La capacitación, sostiene, será uno de los factores decisivos para que las empresas peruanas puedan capturar el valor real de estas tecnologías. “La IA no debe reemplazar colaboradores, sino potenciarlos. Para lograr eso necesitamos entrenar, elevar el nivel de conocimiento y acompañar la adopción”, indica el ejecutivo de Laive.

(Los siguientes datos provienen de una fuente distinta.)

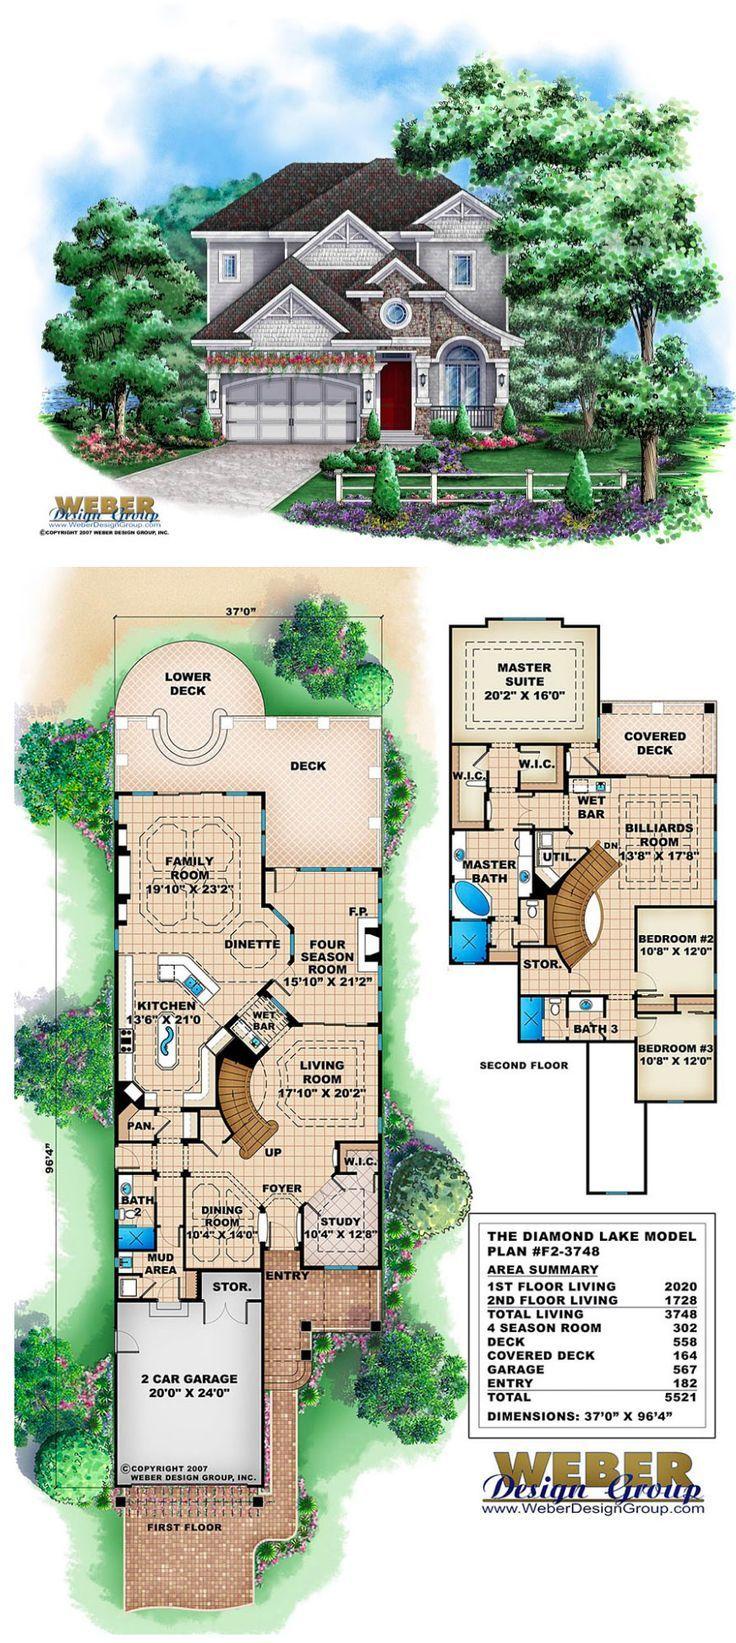 Craftsman House Plan Narrow Lot California Bungalow Style Floor Plan Beach House Plans Mediterranean Style House Plans Lake House Plans

Con respecto a los agentes inteligentes, Oré considera que es una de las tendencias más relevantes para los próximos años. Sin embargo, advierte que este crecimiento requerirá nuevos esquemas de gobernanza y alerta sobre el fenómeno emergente de la proliferación desordenada de soluciones individuales. “Los colaboradores también van a crear agentes y necesitamos una capa de gobierno para que conversen entre sí y se reutilicen dentro de la organización. Así como antes existía el shadow IT con bases de datos repetidas, ahora podríamos tener shadow AI o shadow de agentes si no establecemos una gobernanza adecuada”, destaca.

En ese sentido, el reto para Laive y para la industria de consumo masivo ya no será únicamente adoptar inteligencia artificial, sino construir capacidades, ecosistemas y modelos de gobierno que permitan escalarla de forma sostenible.